The walls in the open cafeteria and auditorium area are decorated with large banners containing images of hikers, rock climbers, hang gliders and surfers. Inspirational quotes from J.K. Rowling, Thomas Jefferson, Dr. Seuss, and others line second-floor walls and doorways.
The Bodies in Motion theme encourages exercise and enjoying the outdoors, Oderda says. Childhood obesity was a front-page topic when the school was being planned beginning in 2010.
“The movement theme was a way to combat obesity,” Oderda says. “We try to present information at a level students will understand without talking down to them.”
At the design phase, the architects also considered the life cycle of the building and how it could expand with the times. Instead of tearing down walls, building doors and walls are easily removed for reuse instead of demolition.
“We tried to make the building as flexible as possible,” say Oderda, of Salt Lake City-based VCBO Architects.

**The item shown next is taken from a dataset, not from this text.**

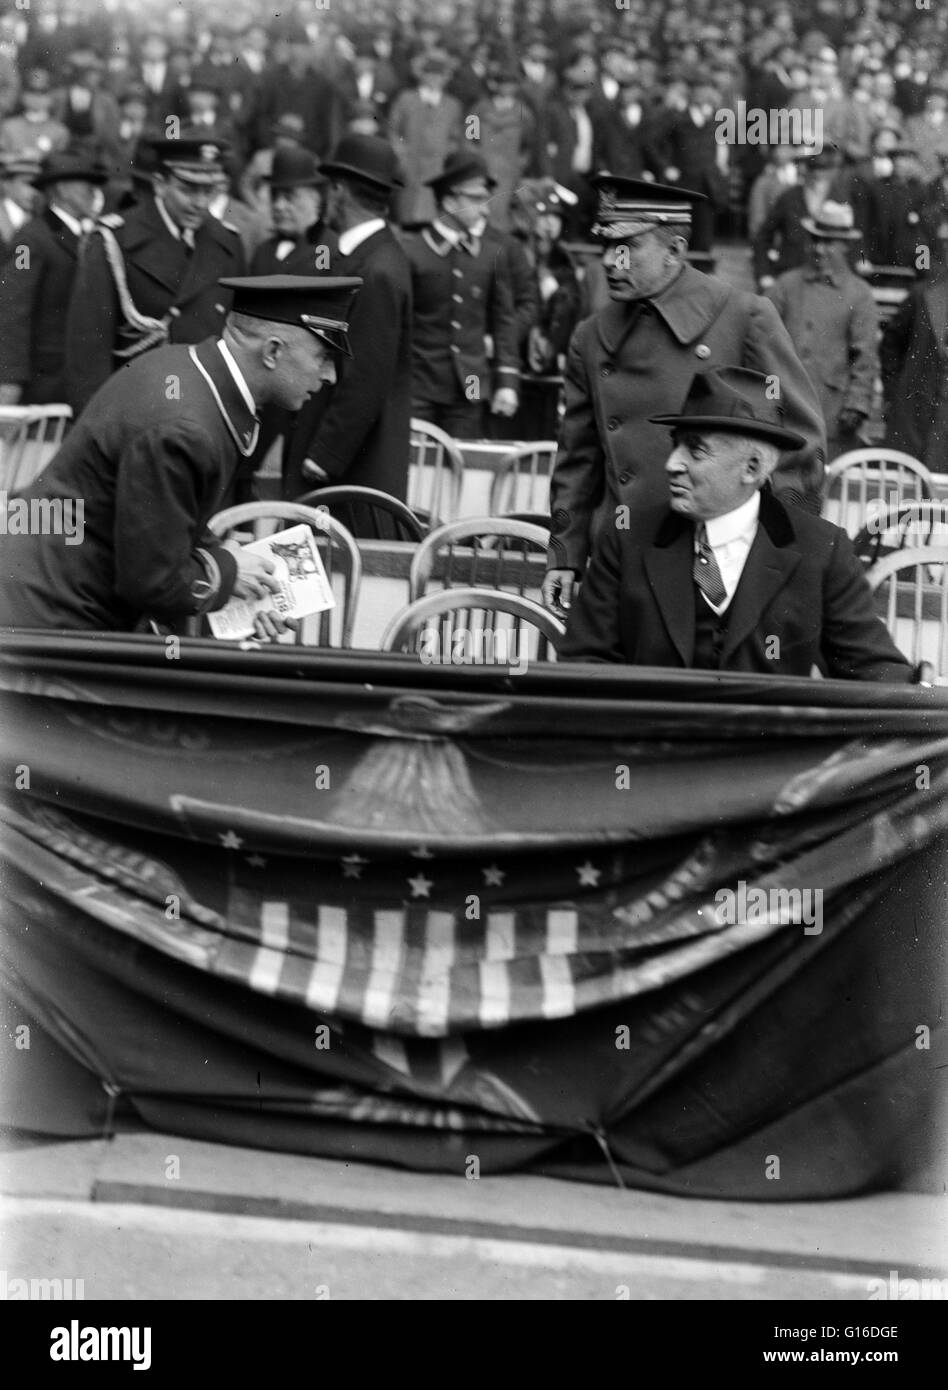 Le président Harding au Yankee Stadium. Warren Gamaliel Harding (2 novembre 1865 - 2 août, 1923) a été le 29e président des États-Unis (1921-23), un républicain de l'Ohio ayant servi dans le sénat de l'Ohio puis dans le sénat des États-Unis, où il pla Banque D'Images

The curved exterior of the building has sparkling blue reflective metal panels that evoke water in motion and reference the scales of a fish.
“The curved design makes it look like the building is moving,” says Oderda. “The building’s exterior is in sync with the school’s theme — movement.”
Physical design features like those found at Odyssey and Discovery might be architecturally stunning but they are above all else student-centered. While solar panels and digital dashboards may be all the rage in education construction, well-designed new schools seem to convey the simple message that society values education.
Photo credit (top image): VMDO Architects
California Cool: A Reinvented School Cafeteria
Designing school cafeterias as places where students might voluntarily choose to dine can be a challenge. In 2013, officials with San Francisco Unified School District (SFUSD) hired global design firm Ideo to help them determine how to get students more excited about eating at school.
After a six-month discovery process involving more than 1,300 district students, families, educators, cafeteria workers, and administrators, designers learned among other things that during lunchtime kids crave to be with friends.
“School cafeterias weren’t originally designed to make hanging out with friends a priority,” says Ideo’s Sandy Speicher. “Kids were waiting in long lines to assemble their food trays, and many students were skipping that process to get to the ultimate goal of social time.”
In addition to considering how to entice students to dine in, designers were also challenged by cost efficiencies and operations.
“One important component of the new design strategy was to create distributed points of sale so that students could access meals in multiple places in order to avoid long lines,” says Gentle Blythe, SFUSD chief communications officer.
Today, in place of dreary rows of long tables, stark fluorescent lighting, and long food lines, you will find outdoor mobile carts serving sandwiches, a Chill Out area with fluffy couches and bright yellow chairs, and family-style round tables, each with an adult leader and student-captain responsible for cleaning up.
“The new cafeteria makes for a comfortable, efficient environment,” says David Watson, who has taught English at Roosevelt for 12 years. “It encourages socializing but also offers quieter areas for students who might want to just sit and read.”
District officials say the cafeteria redesign project is an ongoing process where student priorities will remain front and center. For upcoming schools, the design team will involve students in the designing process so they can assume more ownership of the space.